On Sun, Nov 15, 2015 at 12:40 AM Bardur Arantsson <spam@scientician.net> wrote:
I tend to find that people who want to preserve what happened have a
different way of working where they tend to try to create good commits
as they go whereas I (post-git) just create a bunch of "WIP" commits
for almost every change regardless of whether it compiles or not and
then clean up the "history" for readability once the full change is
ready for pushing to the world. I used to be in the former group, but
have found that moving to the in the latter workflow is incredibly
liberating. It means that I don't waste nearly as much time checking
that everything compiles (etc.) for every little change I make. I just
check all that stuff for the final series of commits.

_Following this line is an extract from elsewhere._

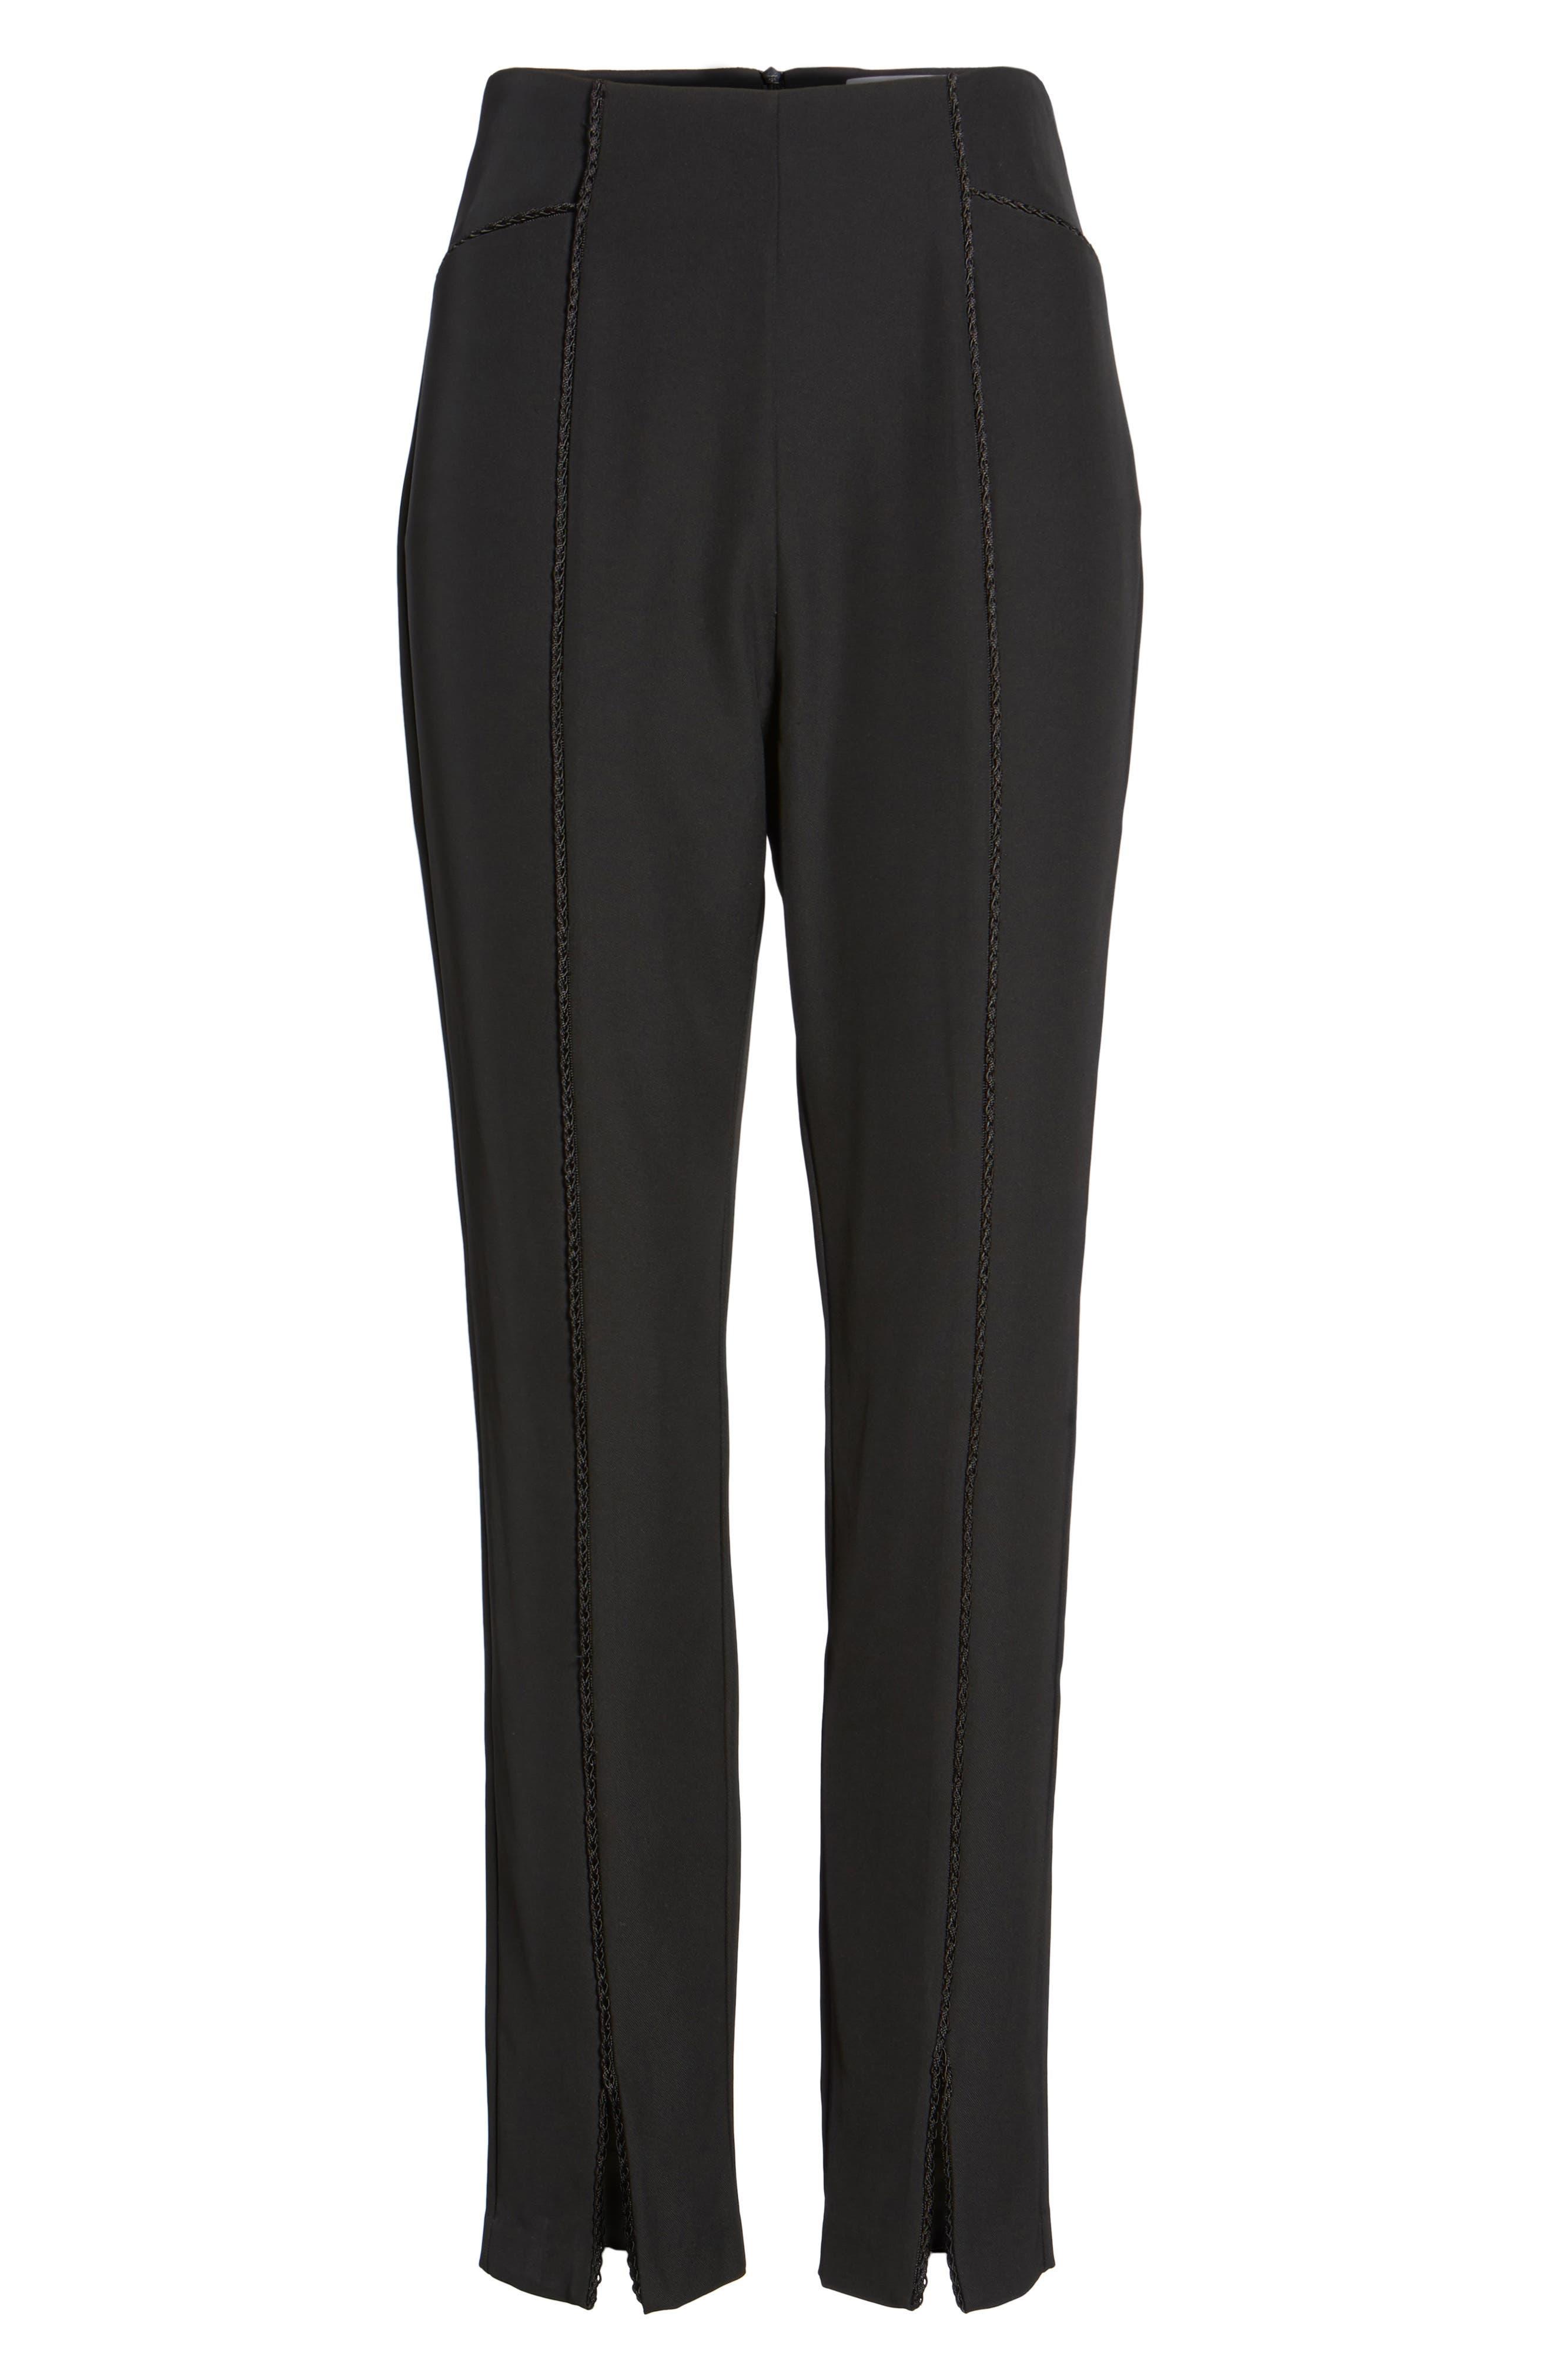 Ceremony Crop Trousers,                             Alternate thumbnail 6, color,                             Black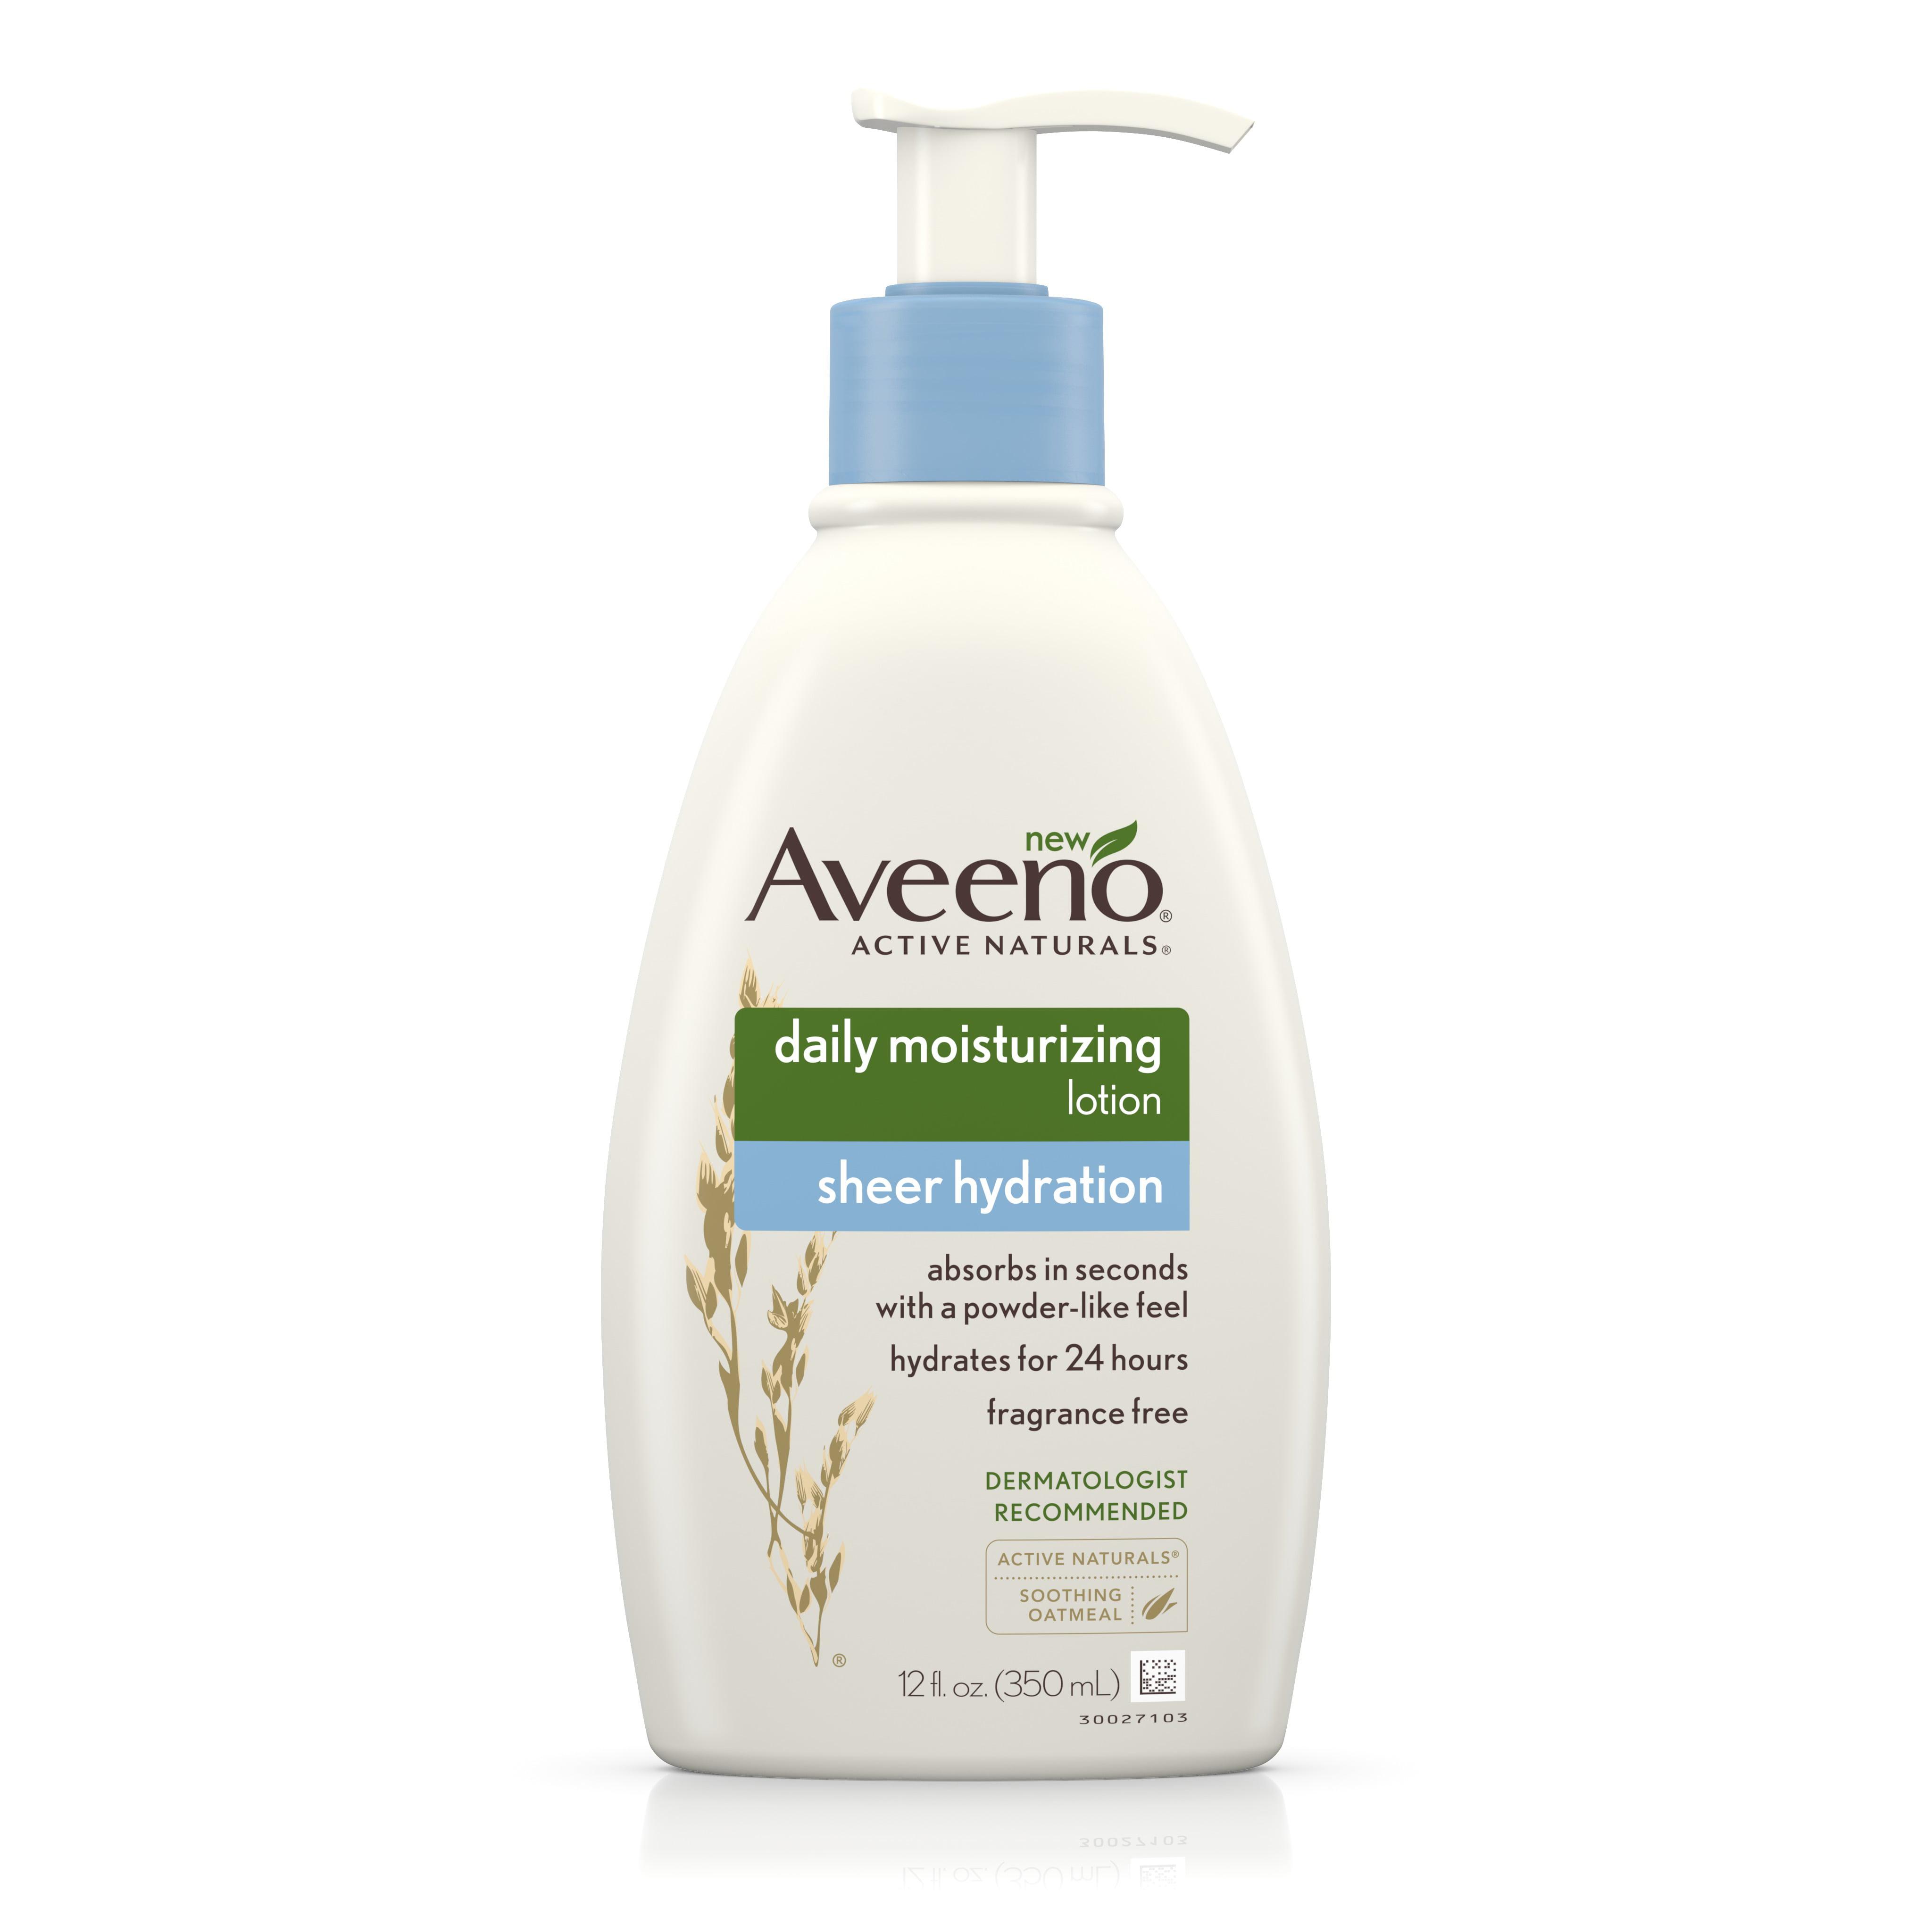 Aveeno Sheer Hydration Daily Moisturizing Lotion, 12 Fl. Oz - Walmart.com

Well, I want to preserve history but tend to commit whenever it's convenient as well. This started when I moved to perforce - because branches are cheap, so just create them whenever you need one,and make sure what you merge compiles. So I branched whenever I thought a change would take more than a single session - and finished with mercurial, where all work happens on what's essentially a branch anyway, with push as merge.

I agree, it's critical to have a tool that adopts to your workflow, but it's also important that other people don't break your workflow, because like languages the claim of "if you don't like it, just don't use it" is bullshit. So while mercurial has "rebase" so you can use it if you need it, it's disabled by default and flagged as being for expert use, not something that's part of the daily workflow.